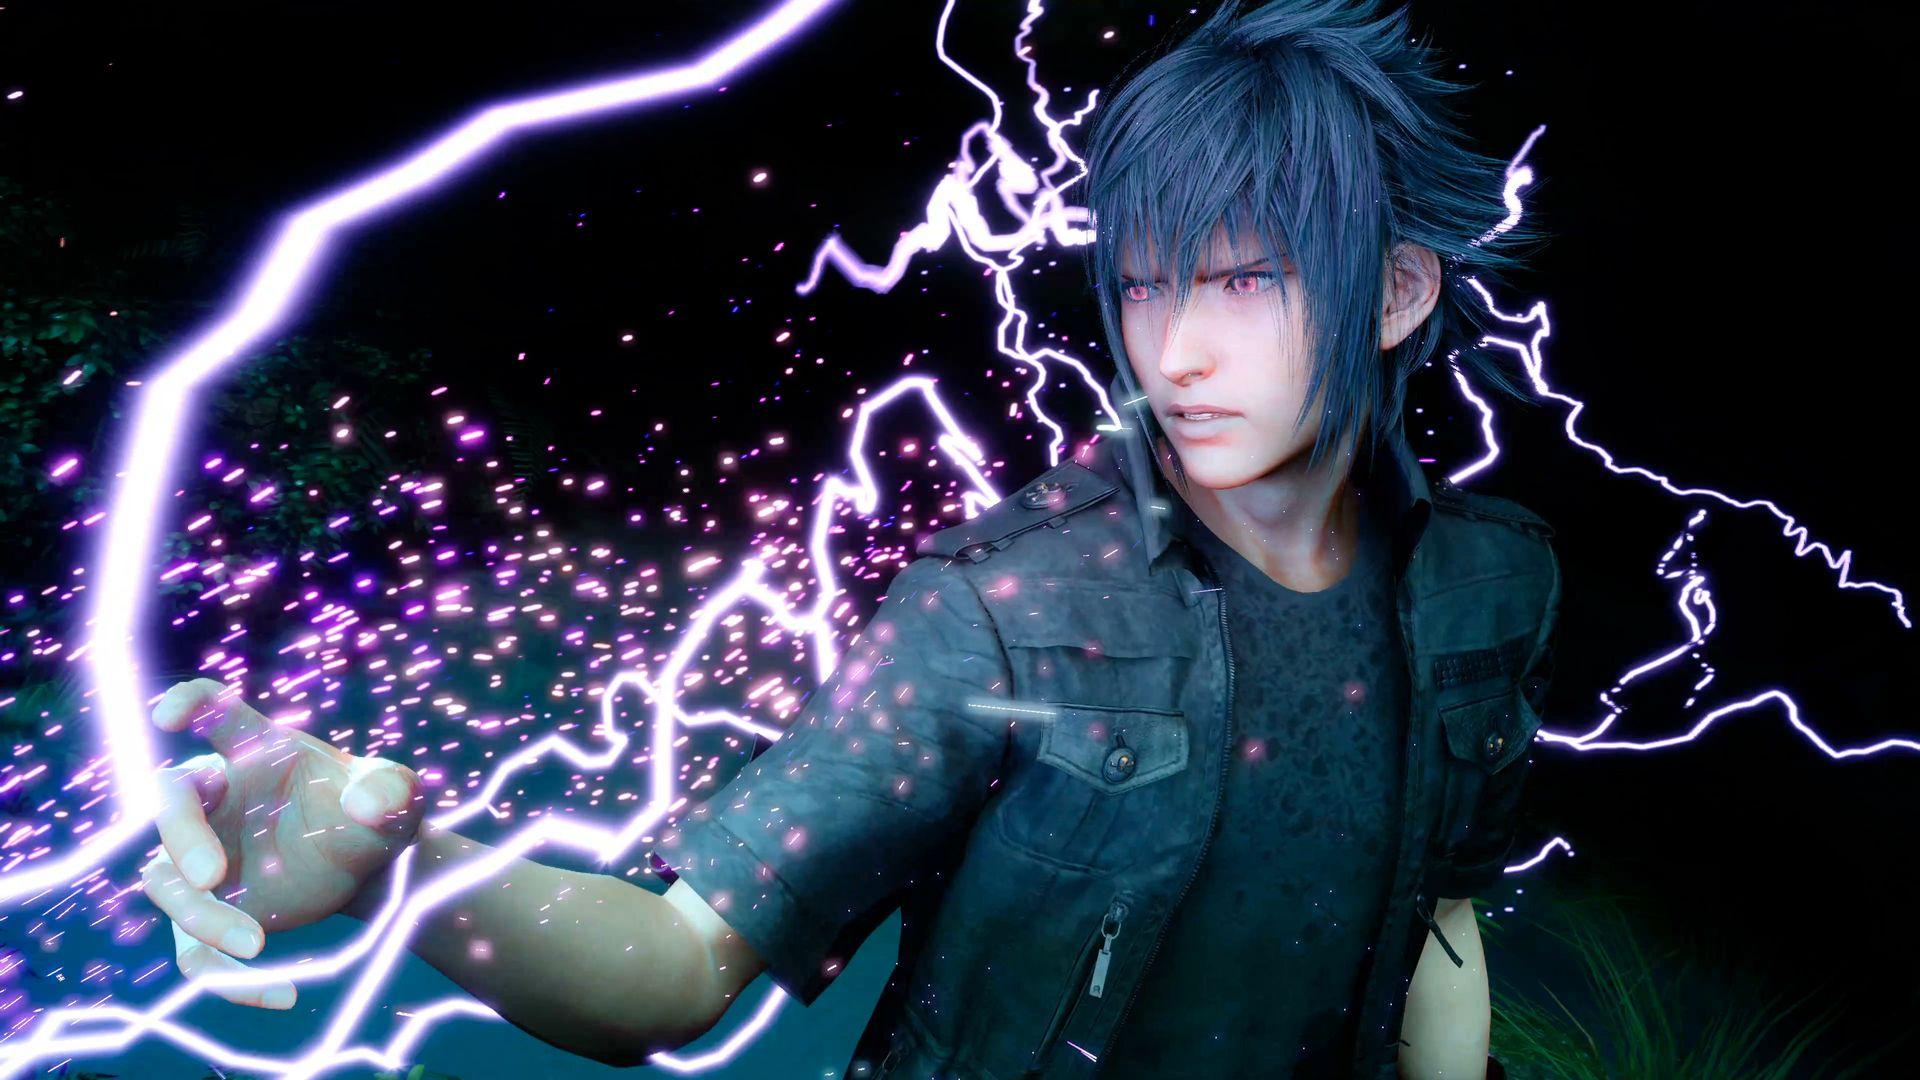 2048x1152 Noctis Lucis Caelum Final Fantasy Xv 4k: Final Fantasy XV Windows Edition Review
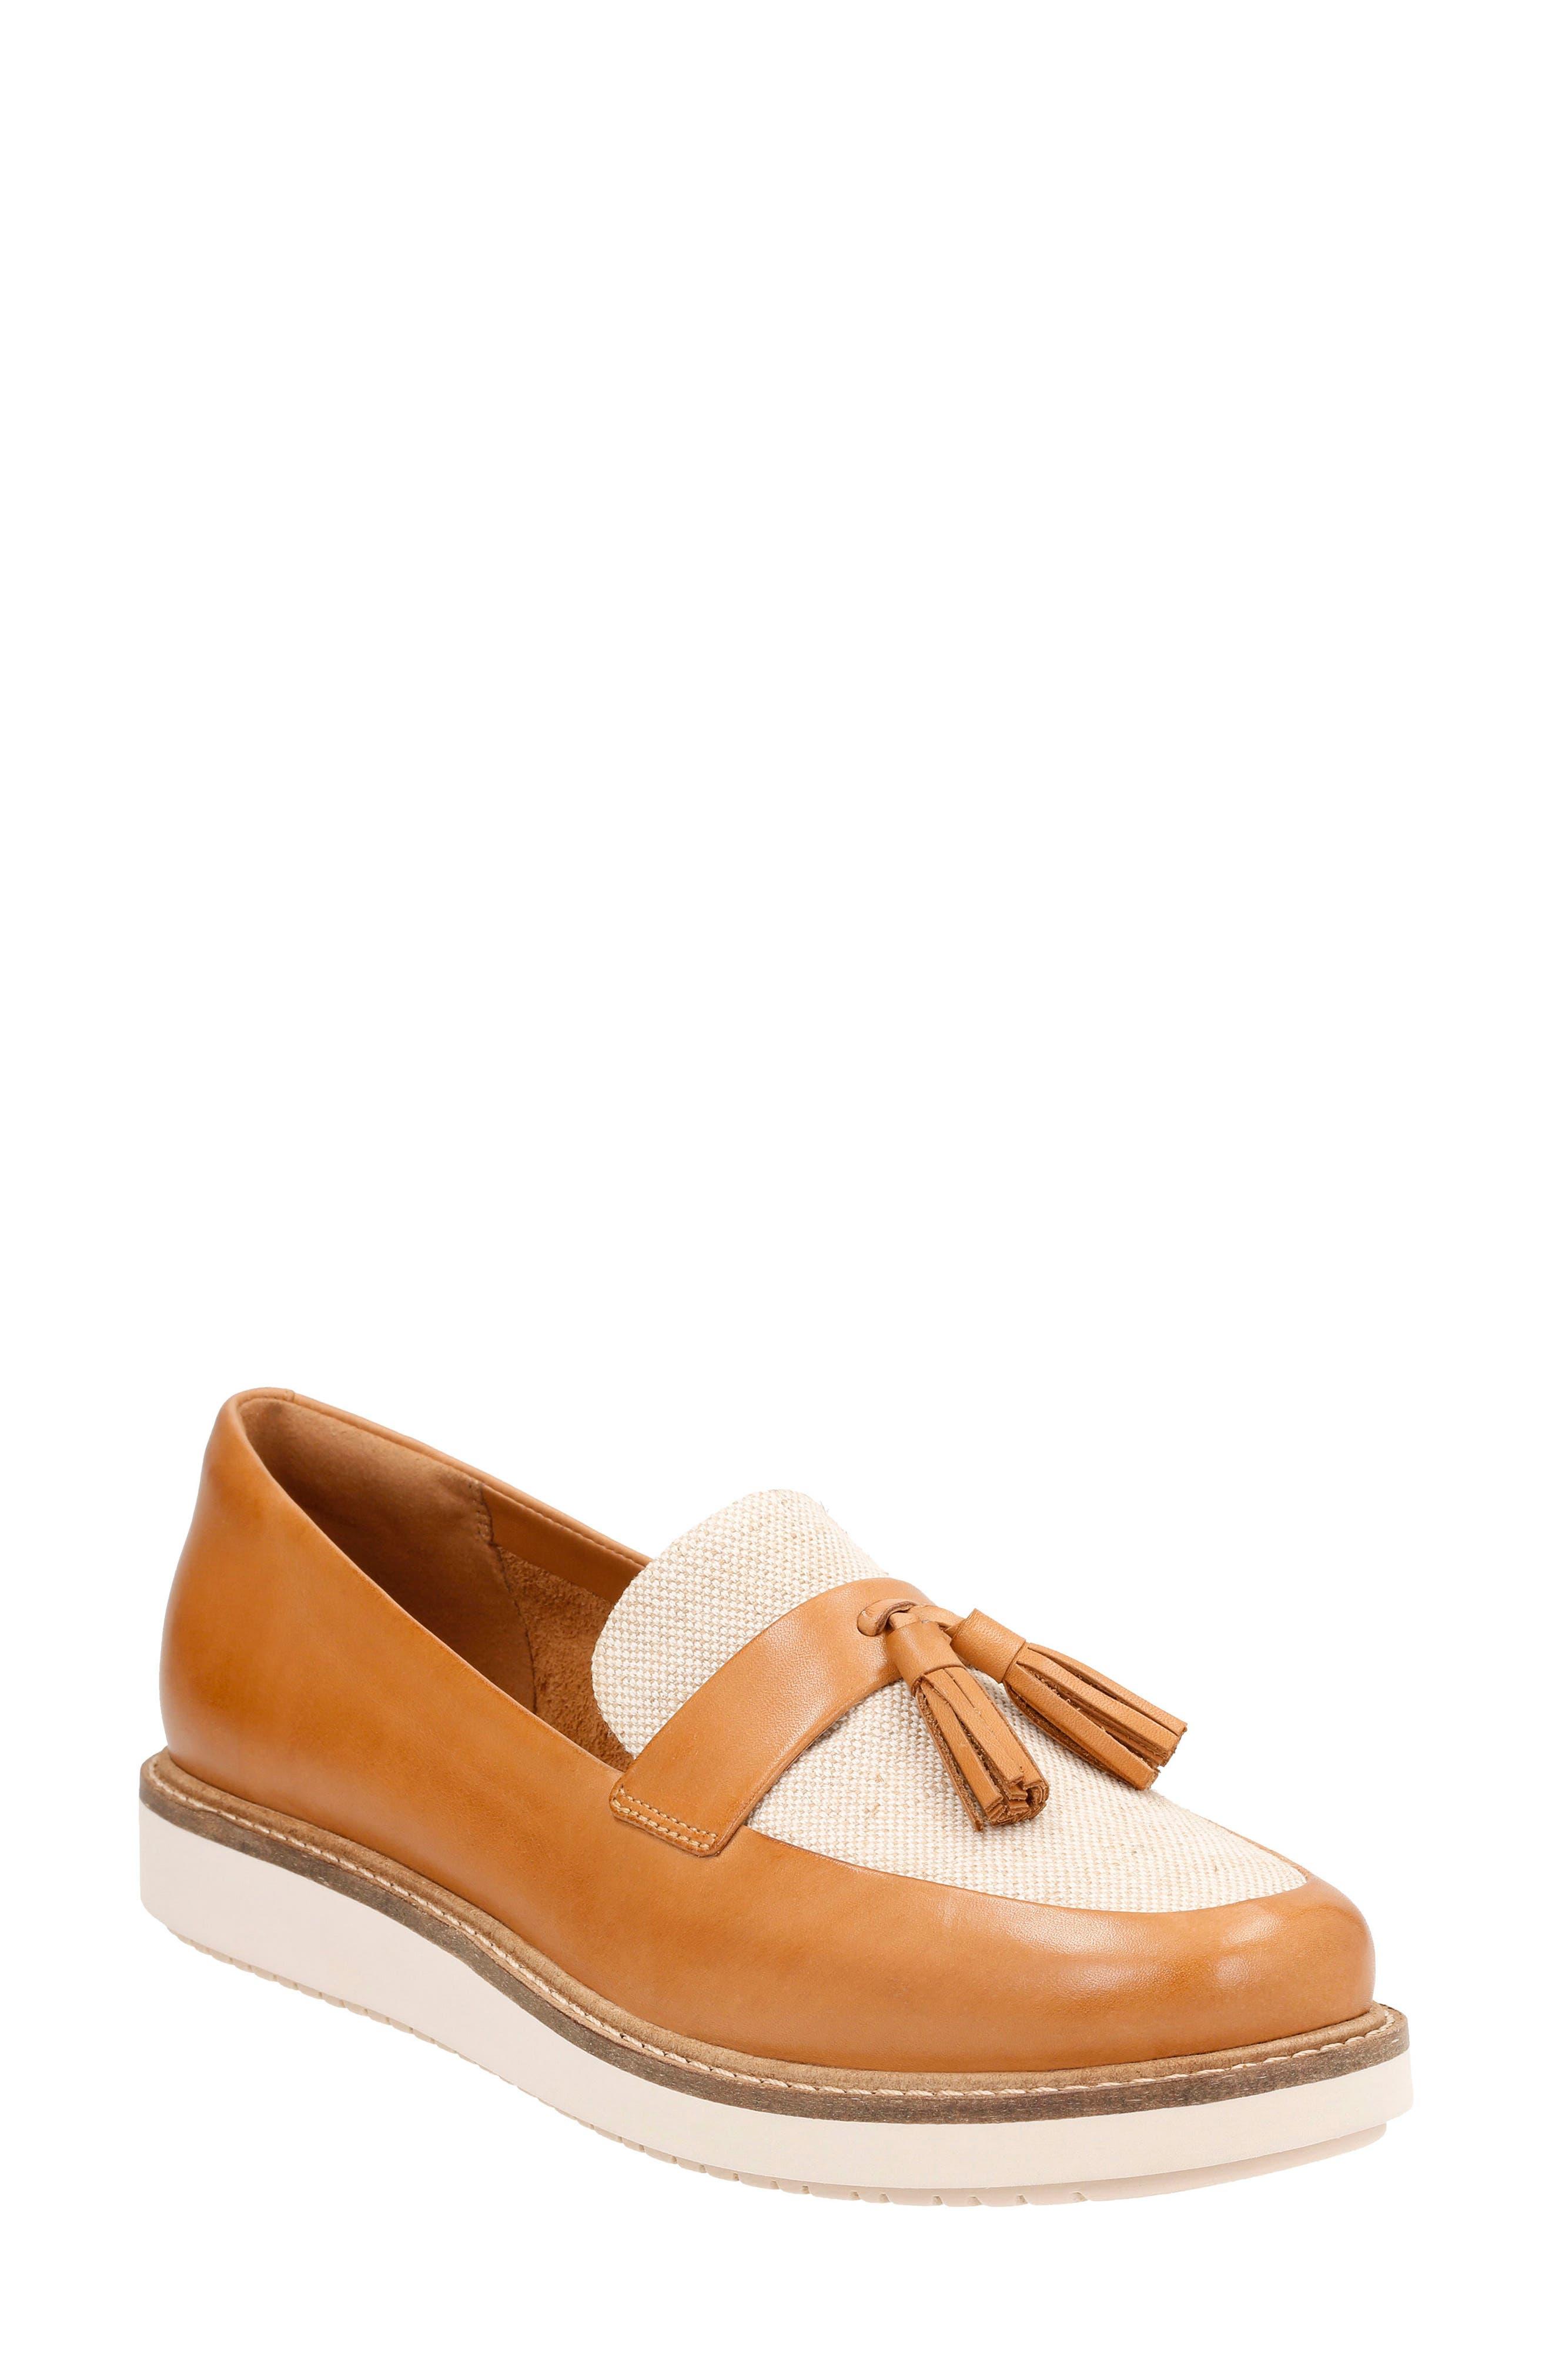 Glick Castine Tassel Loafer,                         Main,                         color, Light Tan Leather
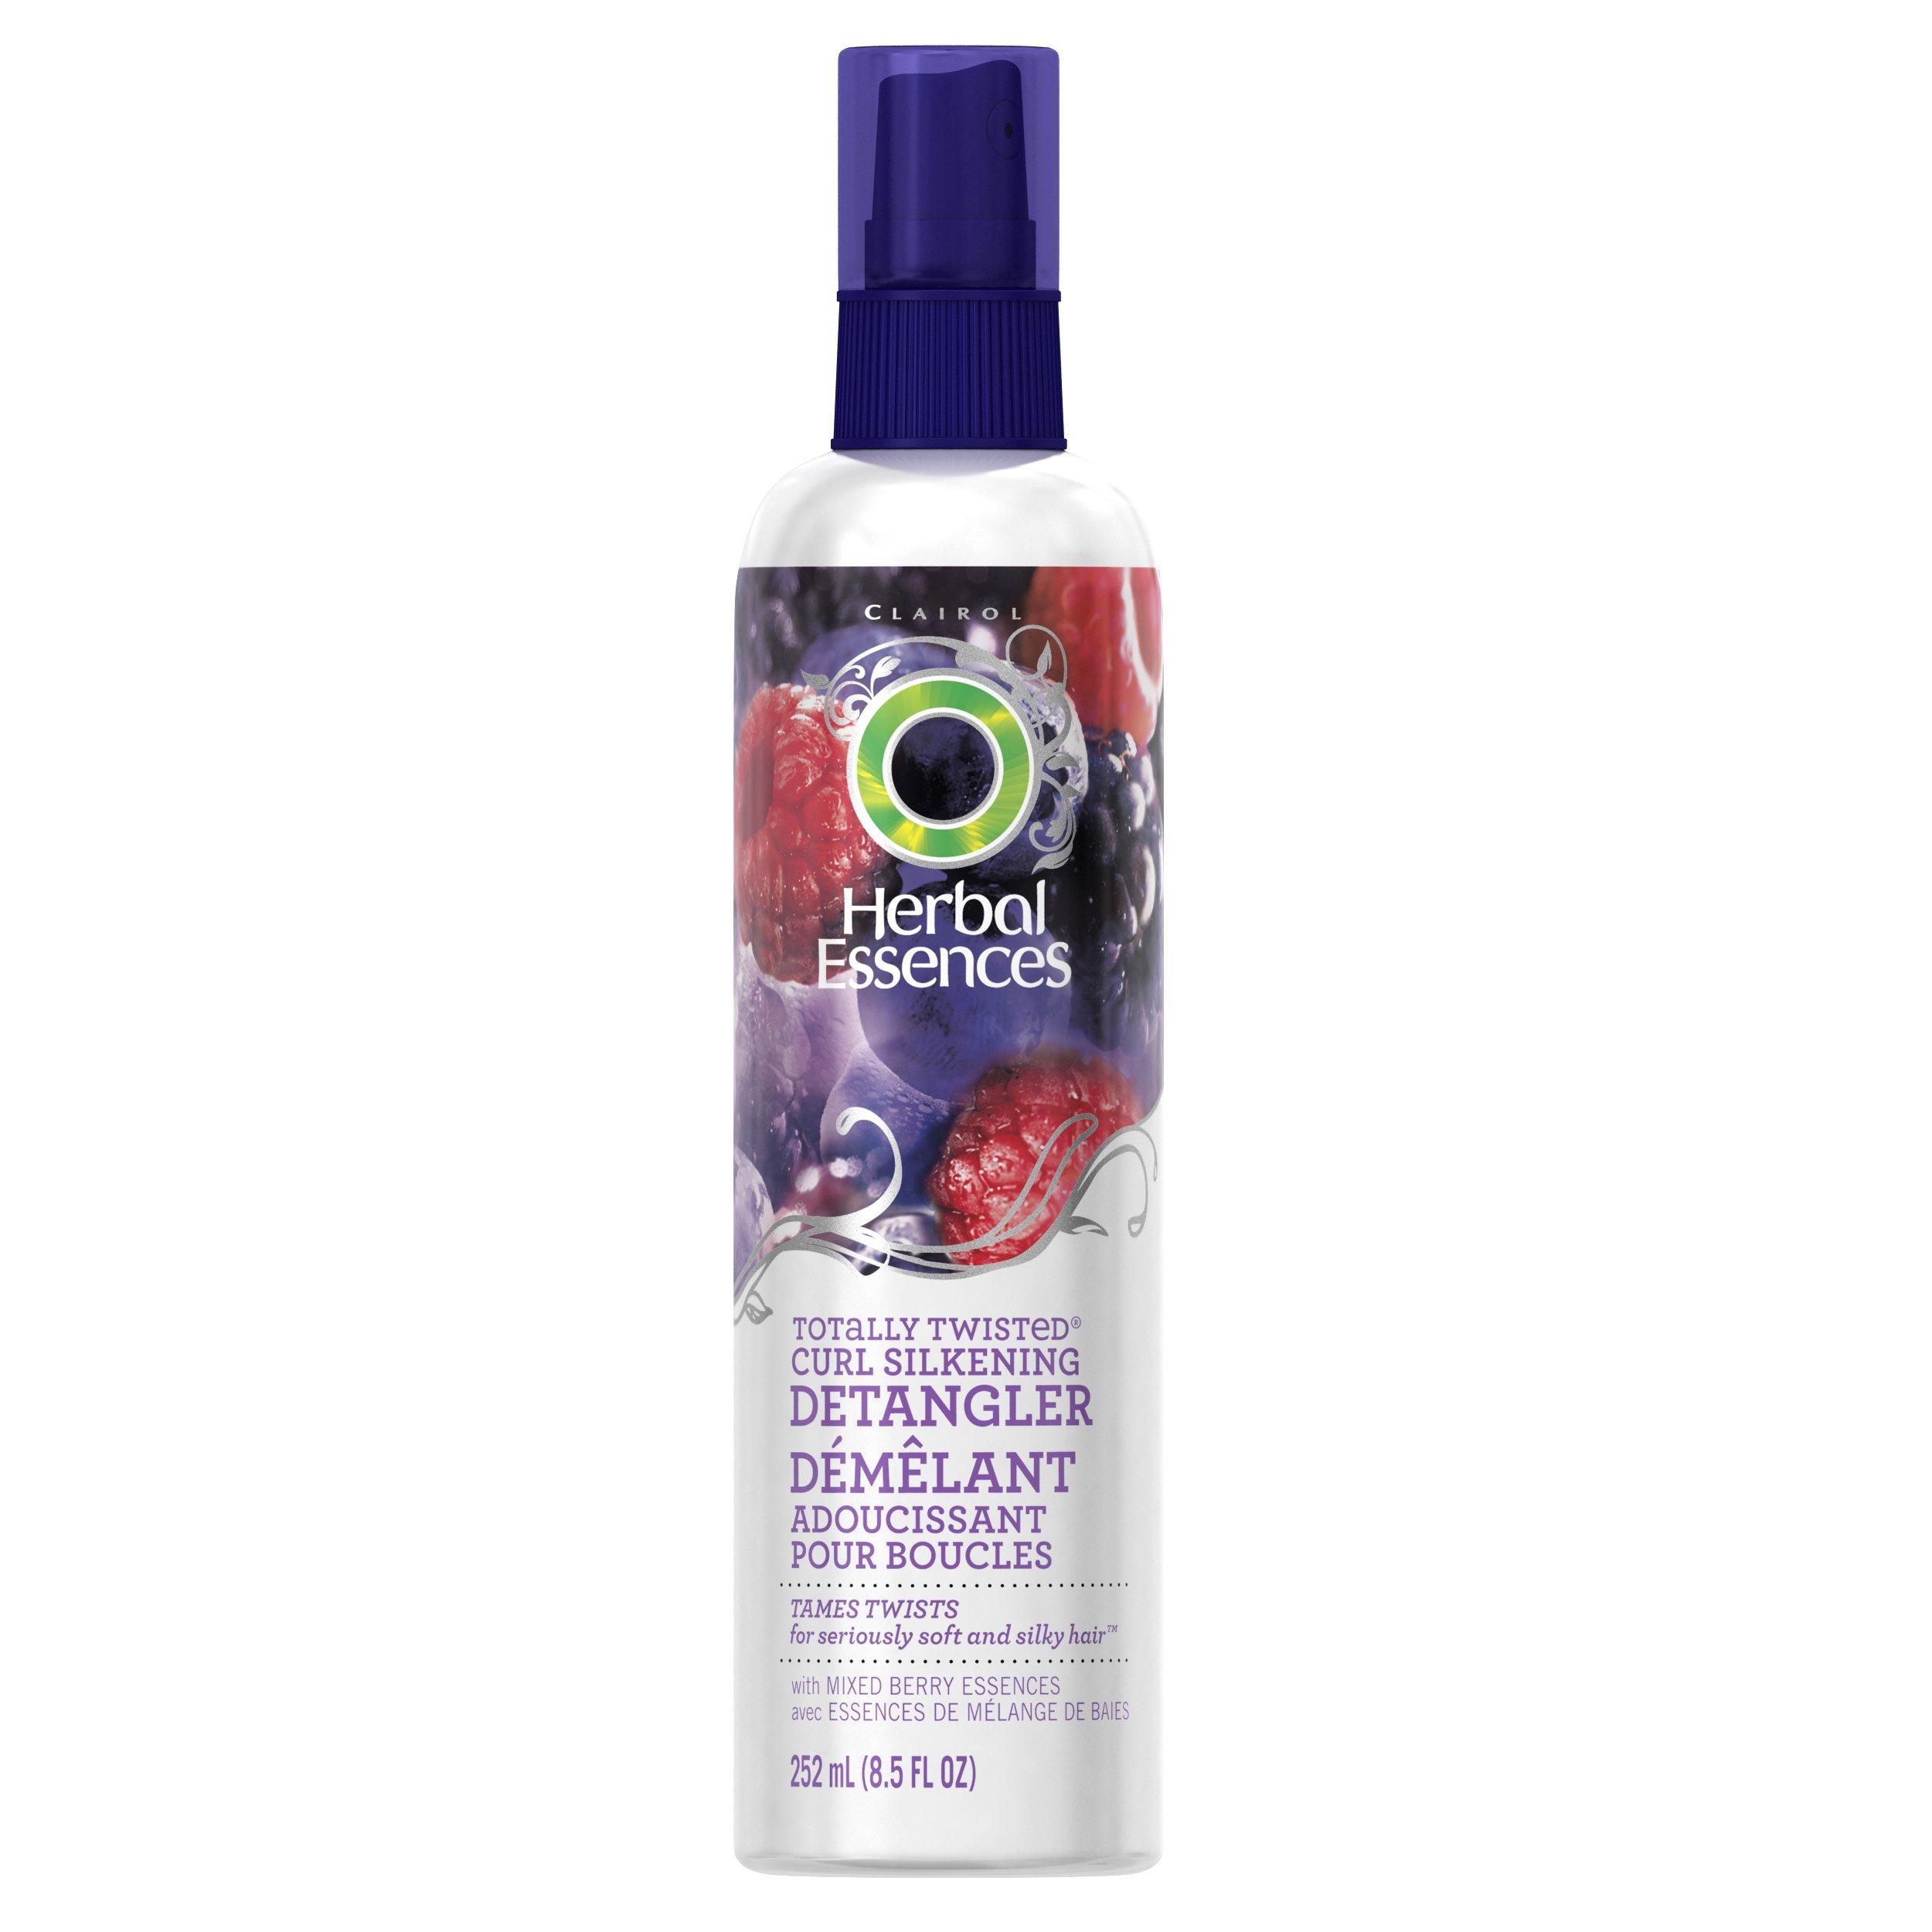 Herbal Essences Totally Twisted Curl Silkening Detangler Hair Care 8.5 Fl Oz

Work order:
Please extract exactly the lines of the data, from the first through the line containing "Glick Castine Tassel", and add no pictures to the copy.

Written response:
 2048x1152 Noctis Lucis Caelum Final Fantasy Xv 4k: Final Fantasy XV Windows Edition Review
 Glick Castine Tassel Loafer,                         Main,                         color, Light Tan Leather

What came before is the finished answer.